使用概率表生成长度为K的N个“随机”字符串

Question

使用概率表生成长度为K的N个“随机”字符串

pythonstringrandomprobabilitypython-itertools

4

如何使用概率表创建长度为K的N个“随机”字符串？其中K应该是一个偶数。

prob_table = {'aa': 0.2, 'ab': 0.3, 'ac': 0.5}

假设K = 6，字符串'acacab'的概率比'aaaaaa'的概率更高。

这是一个更大问题的子问题，我正在使用它来生成基于概率表的合成序列。我不确定如何使用概率表生成“随机”的字符串？

目前为止，我所拥有的是：

def seq_prob(fprob_table,K= 6, N= 10):
    #fprob_table is the probability dictionary that you input
    #K is the length of the sequence
    #N is the amount of sequences
    seq_list = []
    #possibly using itertools or random to generate the semi-"random" strings based on the probabilities 
    return seq_list

- nfs

这是一个很好的问题，随机模型序列会非常有用！ - O.rka

4个回答

2

您可以使用random.random：

from random import random
def seq_prob(fprob_table, K=6, N=10):
    #fprob_table is the probability dictionary that you input
    #K is the length of the sequence
    #N is the amount of sequences
    seq_list = []
    s = ""
    while len(seq_list) < N:
        for k, v in fprob_table.items():
            if len(s) == K:
                seq_list.append(s)
                s = ""
                break
            rn = random()
            if rn <=  v:
                s += k
    return seq_list

这可以进一步改进，但 random.random 在处理概率时非常有用。

- Padraic Cunningham

我喜欢这种方法胜过我之前所做的建立列表。不过，我认为你需要确保概率已经排序。可以尝试使用以下代码：ordered_probs = sorted((prob, char_pair) for char_pair, prob in fprob_table.items())。 - monkut

1

我相信有一种更加简洁/好的方法，但这里提供了一种简单的方法来实现这个功能。

在这里，我们使用概率确定数量，将100个不同的字符对值填充到“pick_list”中。在这种情况下，“pick_list”中有20个“aa”项，30个“ab”项和50个“ac”项。然后，“random.choice(pick_list)”从列表中均匀地随机选择一个条目。

import random

prob_table = {'aa': 0.2, 'ab': 0.3, 'ac': 0.5}


def seq_prob(fprob_table, K=6, N=10):
    #fprob_table is the probability dictionary that you input

    # fill list with number of items based on the probabilities
    pick_list = []
    for key, prob in fprob_table.items():
        pick_list.extend([key] * int((prob * 100)))    

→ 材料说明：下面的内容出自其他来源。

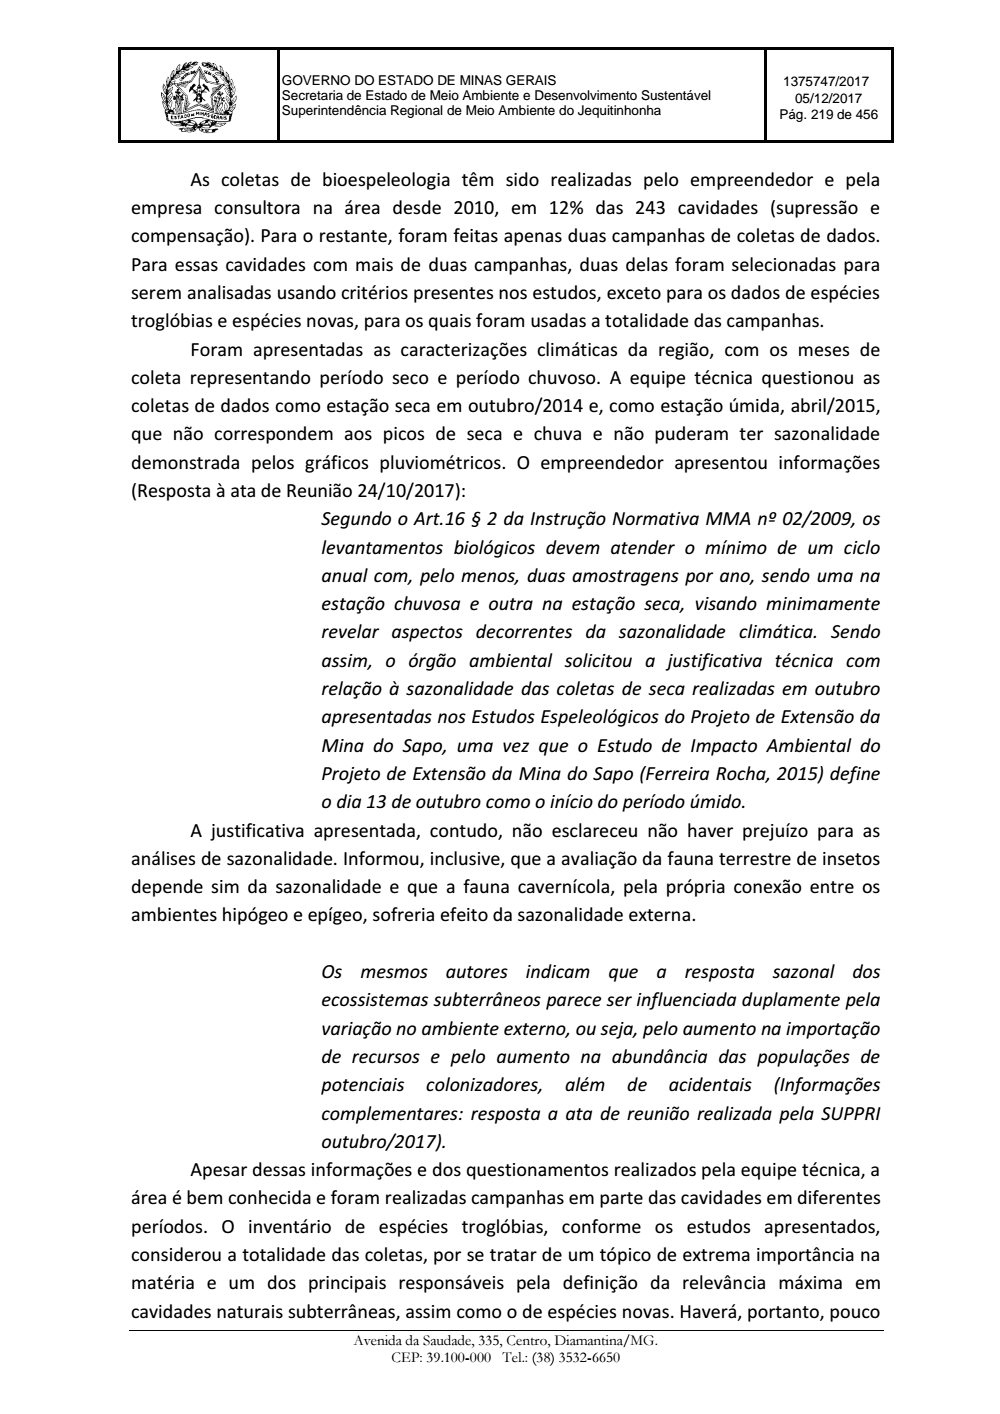 Page 219 from Parecer único da Secretaria de estado de Meio Ambiente e Desenvolvimento Sustentável (SEMAD)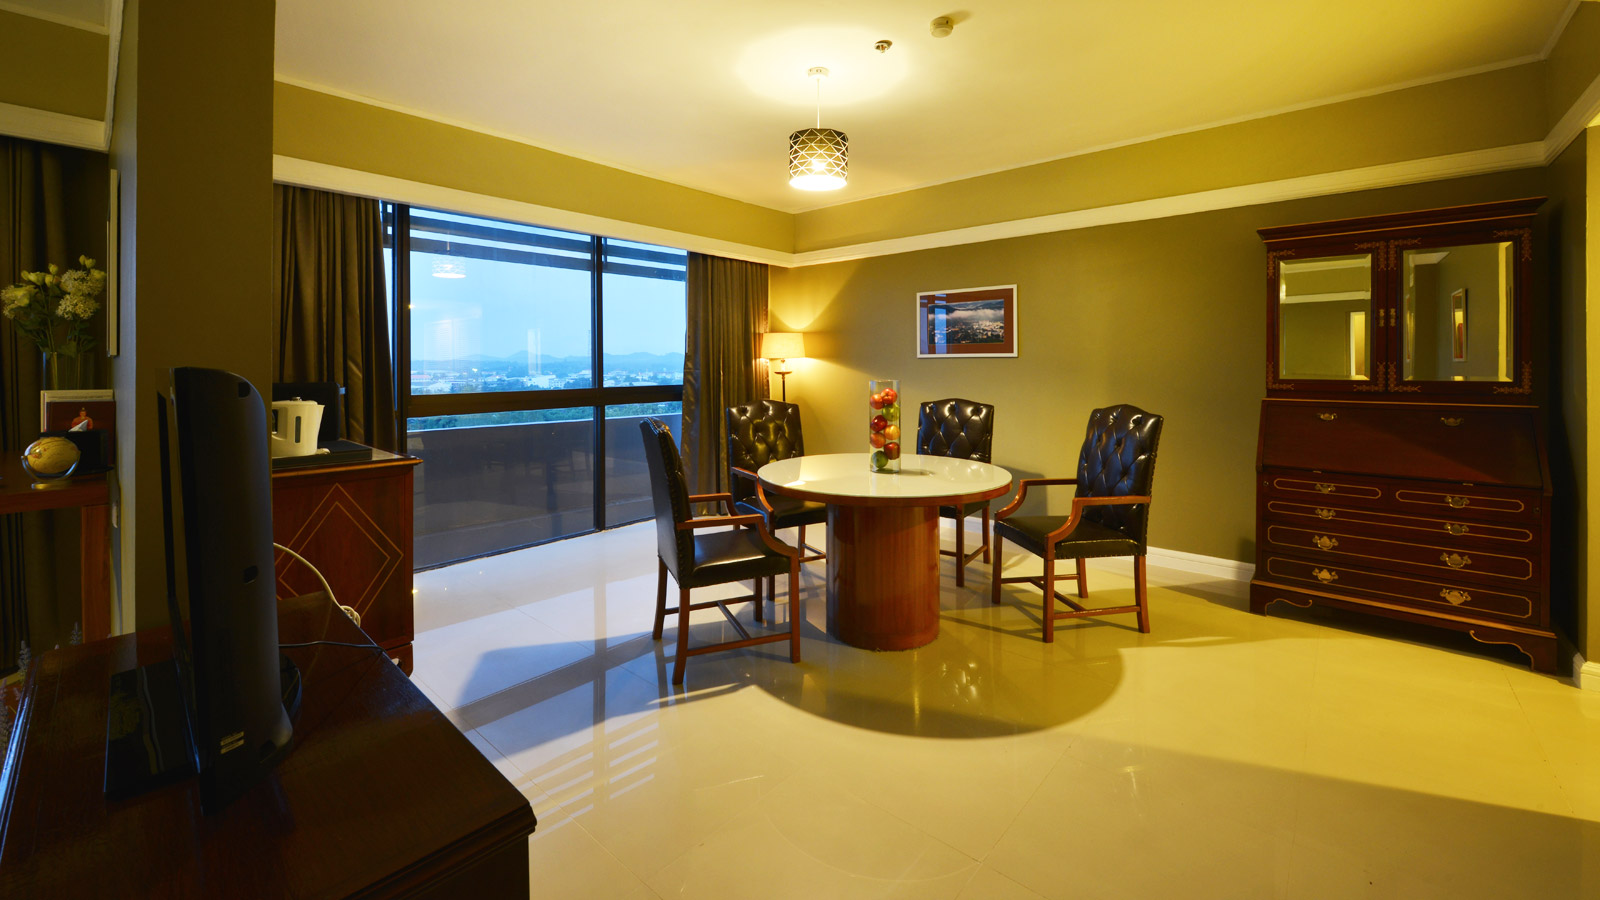 Hilton West Palm Beach — Artco Hospitality Furnishings

    #K is the length of the sequence
    #N is the amount of sequences
    seq_list = []
    for i in range(N):
        sub_seq = "".join(random.choice(pick_list) for _ in range(int(K/2)))
        seq_list.append(sub_seq)
    return seq_list

带有结果的：

 seq_prob(prob_table)
['ababac',
 'aaacab',
 'aaaaac',
 'acacac',
 'abacac',
 'acaaac',
 'abaaab',
 'abaaab',
 'aaabaa',
 'aaabaa']

- monkut

0

如果您的表格或序列很大，使用numpy可能会有帮助，因为它可能会显着提高速度。此外，numpy专门用于解决这类问题，而且方法简单易懂，仅需3到4行代码。

基本思路是将概率转换为累积概率，即将(.2, .5, .3)映射为(.2, .7, 1.)，然后在从0到1的平坦分布中生成随机数，这些随机数将落入累积和的箱子中，频率与权重相对应。可以使用Numpy的searchsorted快速找到随机值所在的箱子。也就是说，

import numpy as np

prob_table = {'aa': 0.2, 'ab': 0.3, 'ac': 0.5}
N = 10
k = 3   # number of strings (not number of characters)

rvals = np.random.random((N, k))         # generate a bunch of random values
string_indices = np.searchsorted(np.cumsum(prob_table.values()), rvals)   # weighted indices
x = np.array(prob_table.keys())[string_indices]     # get the strings associated with the indices
y = ["".join(x[i,:]) for i in range(x.shape[0])]    # convert this to a list of strings

# y = ['acabab', 'acacab', 'acabac', 'aaacaa', 'acabac', 'acacab', 'acabaa', 'aaabab', 'abacac', 'aaabab']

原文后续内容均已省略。